Il lui arrivait souvent de s'imaginer être sur une course d'orientation, évitant les obstacles, les passants. Se créant une carte mentale de la ville. L'objectif était d'éviter les encombres jusqu'à l'arrivée. Ce qui l’amusait un peu.
Un torrent ininterrompu de musique électro l'aidait à se débarrasser de la jungle sonore. Klaxons, cris, bruits de moteurs, de chantier rythmaient son quotidien. Le casque audio lui permettait d'entrer dans sa bulle.
Jack travaillait dans un restaurant, s’occupait un peu de servir, un peu de nettoyer. Le restaurant n’était ni très connu, ni bien payé mais ce job lui permettait de pouvoir payer loyer et factures.
Ce jour-là, Jack bossait le soir. Il était arrivé en avance afin de fumer sa cigarette accompagnée d'un bon café. Ce mélange de caféine et d'eau l'aidait à tenir la soirée. Le ciel était gris, il ne pleuvait pas, mais le temps était morne et maussade. Les immeubles étant haut, la luminosité se faisait faible.
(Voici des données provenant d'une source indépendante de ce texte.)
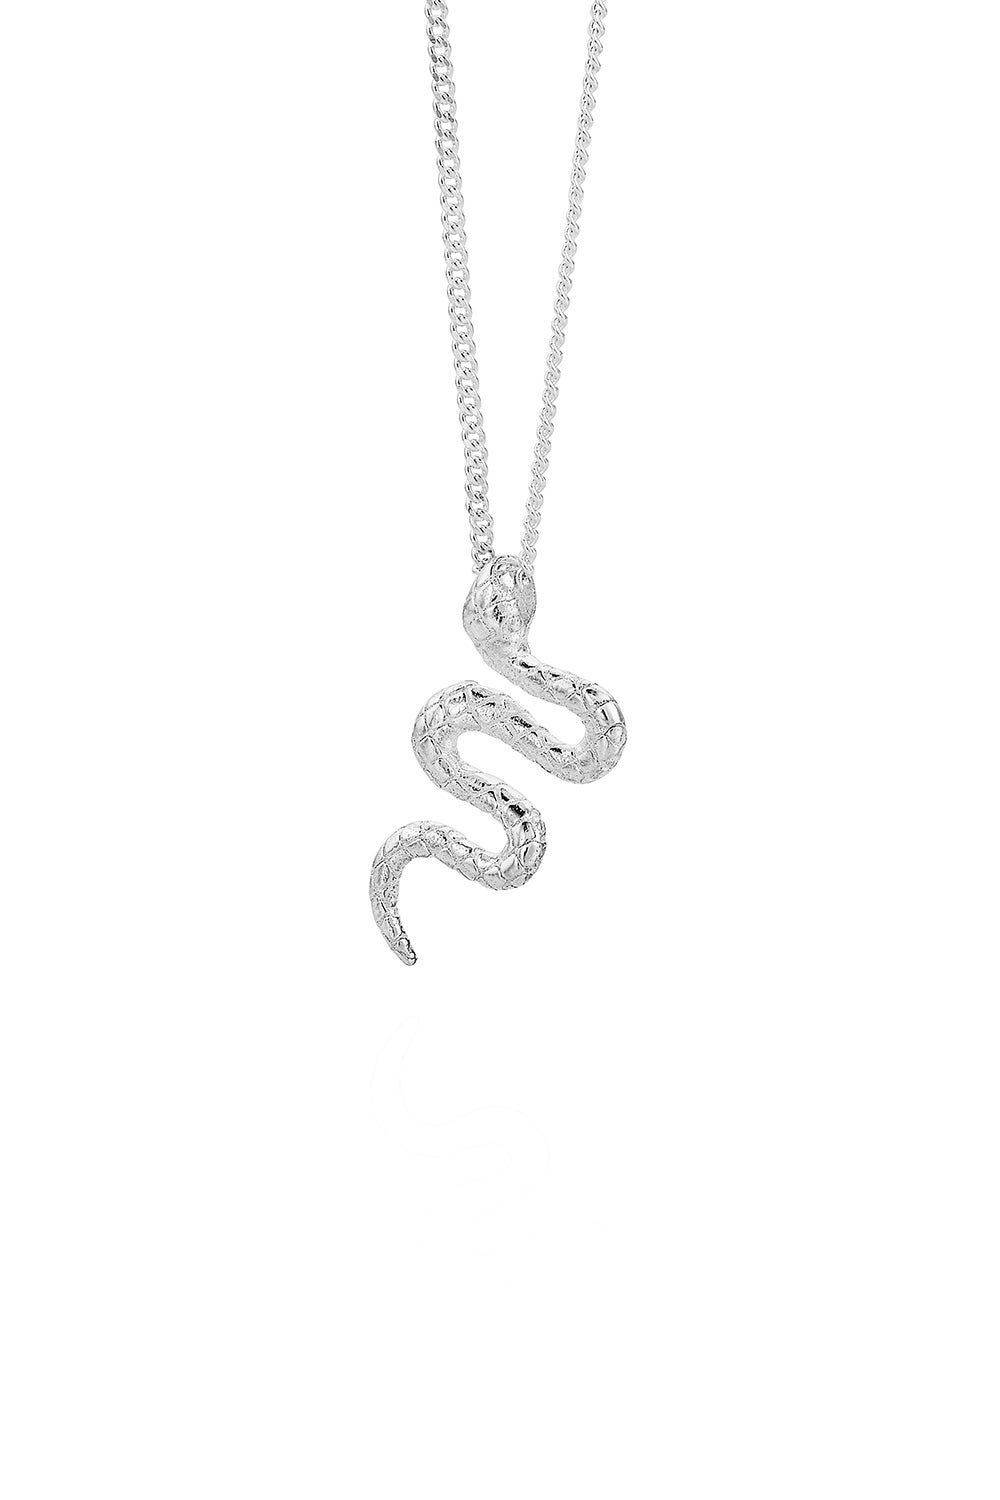 Karen Walker Snake Necklace - Grieve Diamond Jeweller

Un décor de polar urbain pensa t-il.
Il s'installa en terrasse et sortit un smartphone de la poche de son jean. Il fit défiler son fil d'actualité Facebook sans entrain, presque par réflexe. Une information retint son attention au moment même où son téléphone vibra.
Un appel entrant de Julie le sortit de sa bulle. Cette dernière était une amie de longue date, jeune femme d'une vingtaine d'années, a la silhouette élancée et aux cheveux dorés. Sociable et distinguée, elle travaillait dans les assurances ou le commerce, il n'arrivait jamais à saisir la nature de son travail. IJack était proche d'elle, elle lui apportait de la bonne humeur et de l'enthousiasme.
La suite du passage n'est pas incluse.